Niel-Asher Technique
Treat your Frozen Shoulder using the Niel-Asher Technique. It is a “natural” method of frozen shoulder treatment that does not involve any drug or surgery.
What is Frozen Shoulder ?
Frozen Shoulder (also known as adhesive capsulitis) is a condition where the shoulder joint (capsule) becomes inflamed, which leads to shoulder pain and in a decrease range of motion (stiffness).
The fluid located in the shoulder capsule that helps create unrestrictive rotation and moment. Frozen Shoulder reduces the amount of this fluid which then restricts shoulder rotation, movement and increases pain.
How do you treat Frozen Shoulder?
Conventional approaches to treating Frozen Shoulder involve painful injections, months of physical therapy and/or surgery.
Traditional physical therapies (physiotherapy, chiropractic, osteopathy) attempt to improve the range of motion by forcing the shoulder through the blockage; this can make things considerably worse, and is not how the Niel-Asher Technique works.

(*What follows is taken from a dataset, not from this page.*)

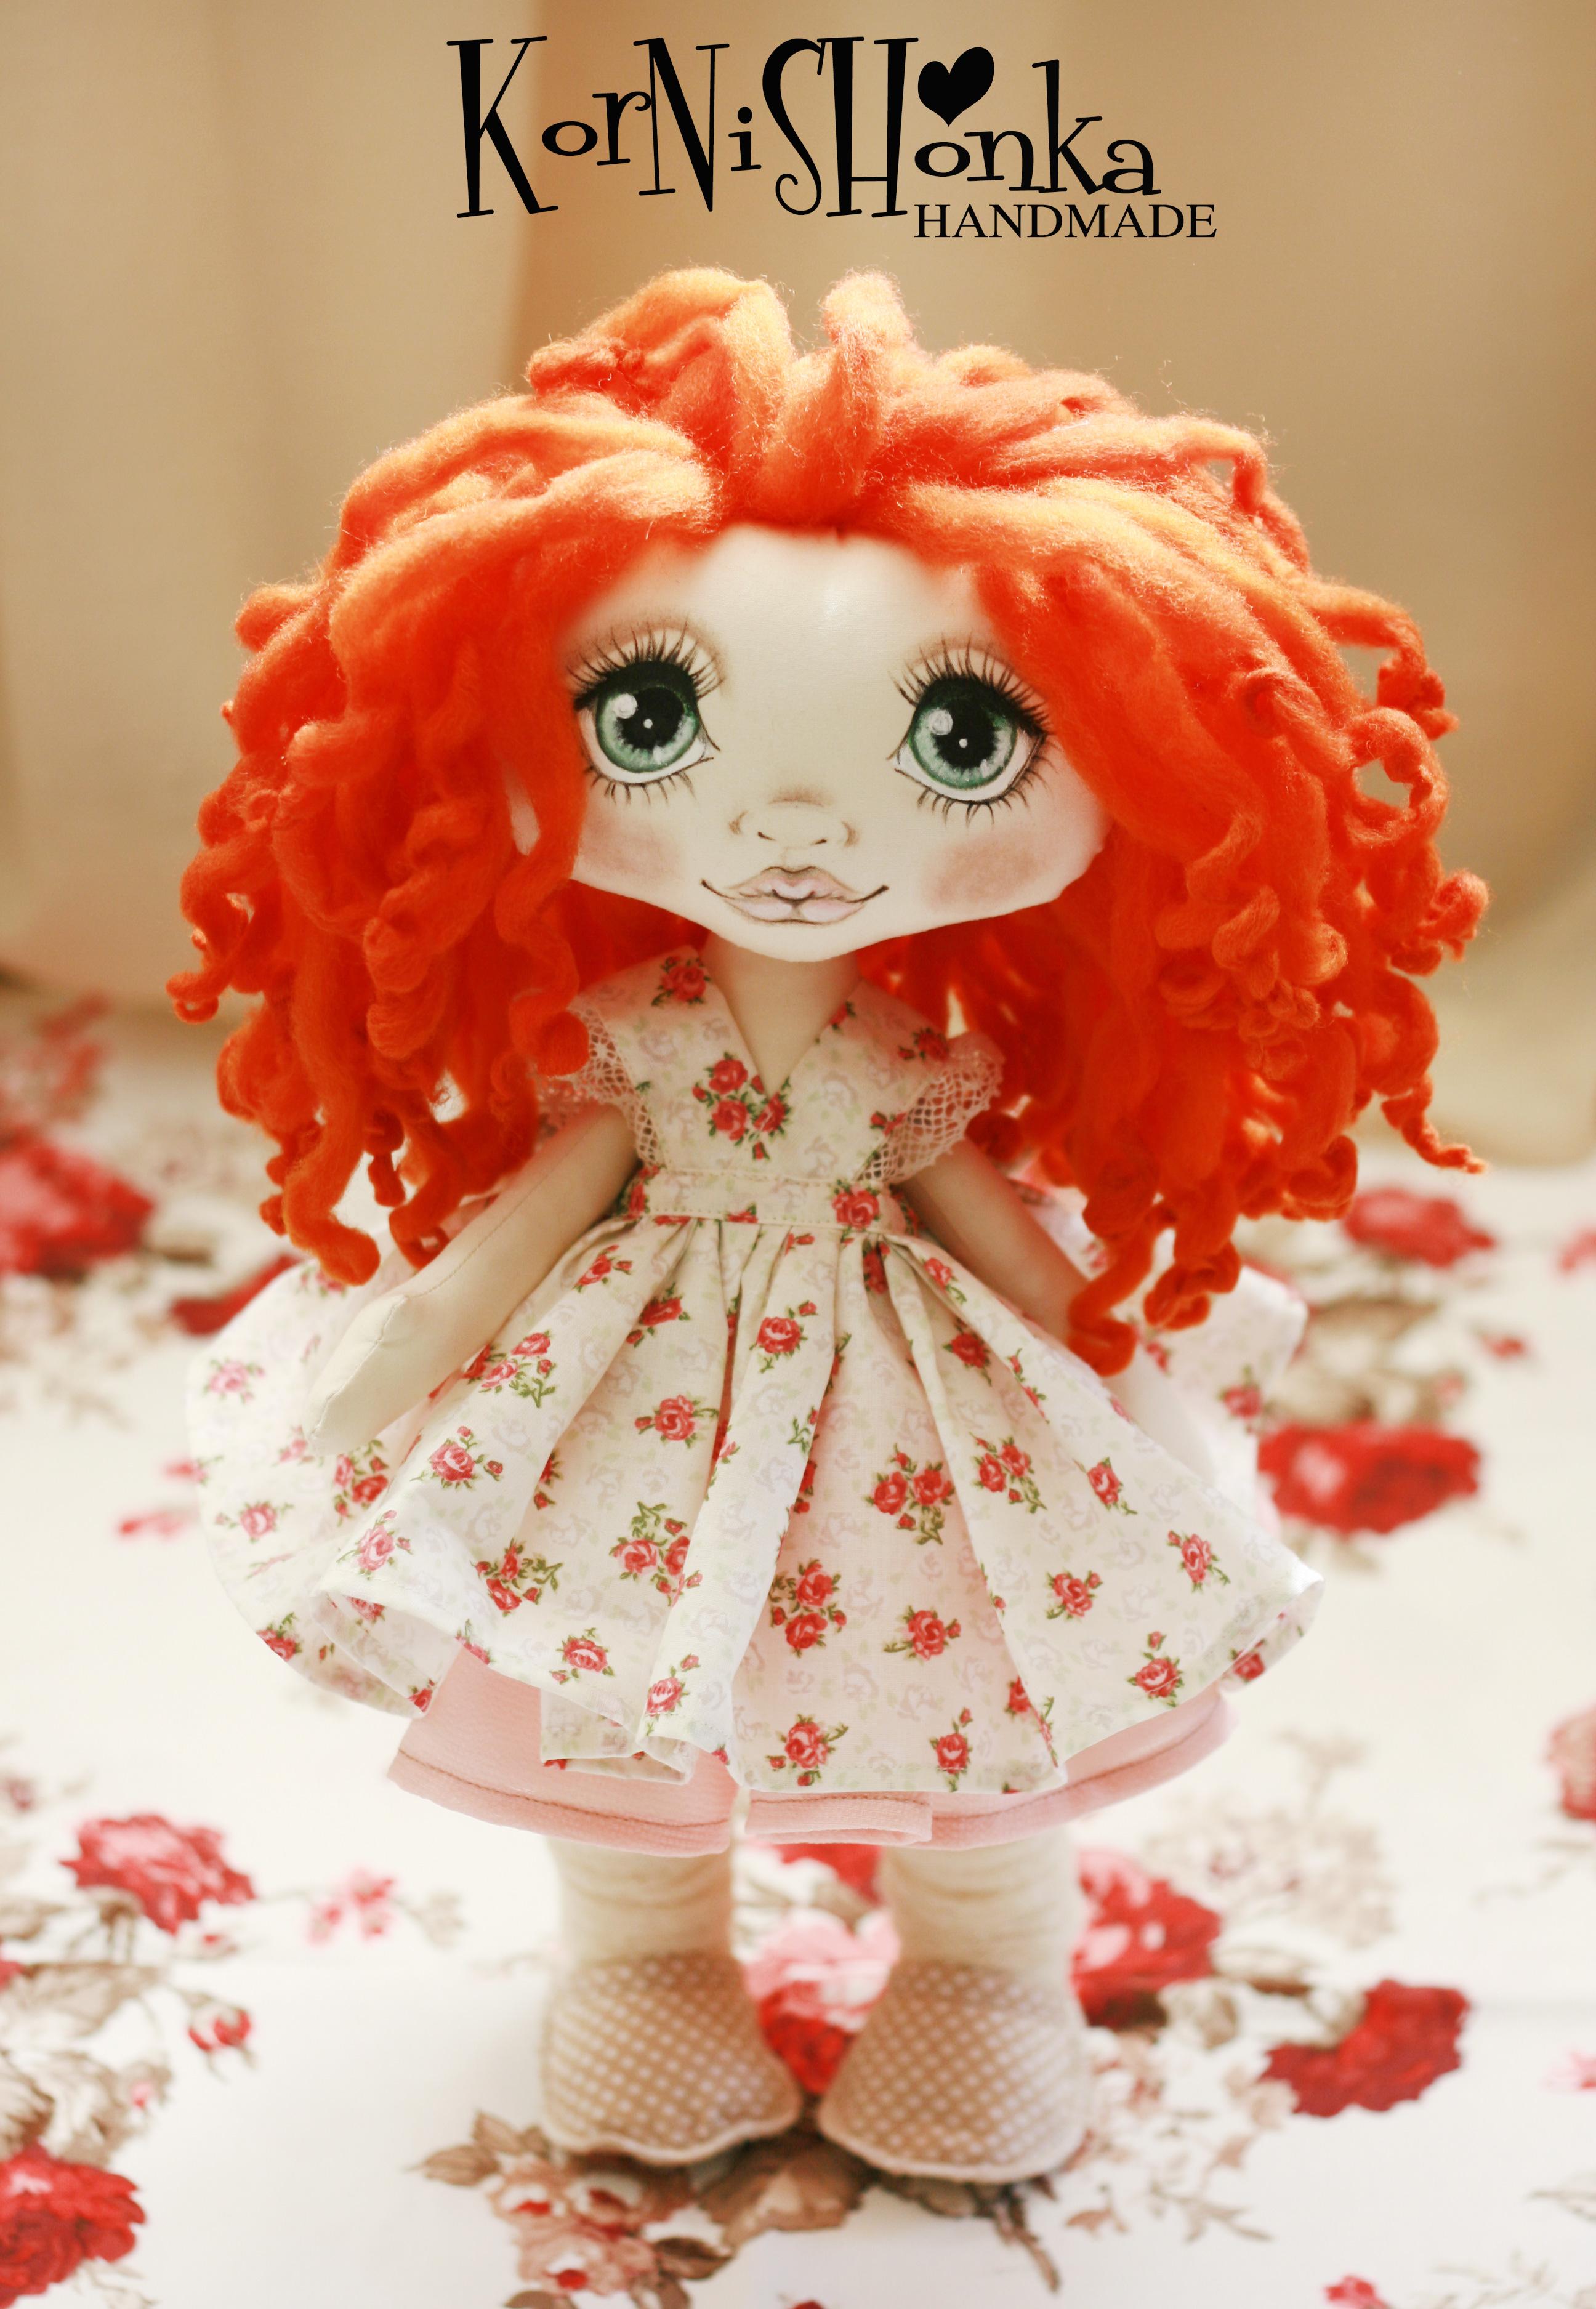 handmade dolls by korneliya haralanova

What is the Niel-Asher Technique?
The Niel-Asher Technique (NAT) is a treament specifically designed for those who suffer from Frozen Shoulder.
This treament involves a specific sequence of massaging strokes, shoulder movements and pressure points to restore function to the shoulder joints and soft-tissues.
What’s different about the Niel-Asher approach?
The Niel-Asher Technique works differently. In a frozen shoulder there is excessive inflammation and the brain starts to recruit the ‘wrong’ muscles to move the shoulder.
The Niel-Asher Technique ‘fools’ the body/brain into healing itself by addressing the pain and stiffness. Initially the technique aims to reduce the pain, by treating the swelling around various shoulder tendons.
Following this, the technique moves on to rapidly ‘defrost’ and improve the range of shoulder motion by stimulating a unique sequence of reflexes hidden within the muscles. This works on the parts of the brain that co-ordinate the shoulder muscles. One reflex is triggered against another in a choreographed sequence. We do not force the arm; instead you keep it still whilst we apply the pressure.
Patients treated with this technique should feel an improvement with each treatment.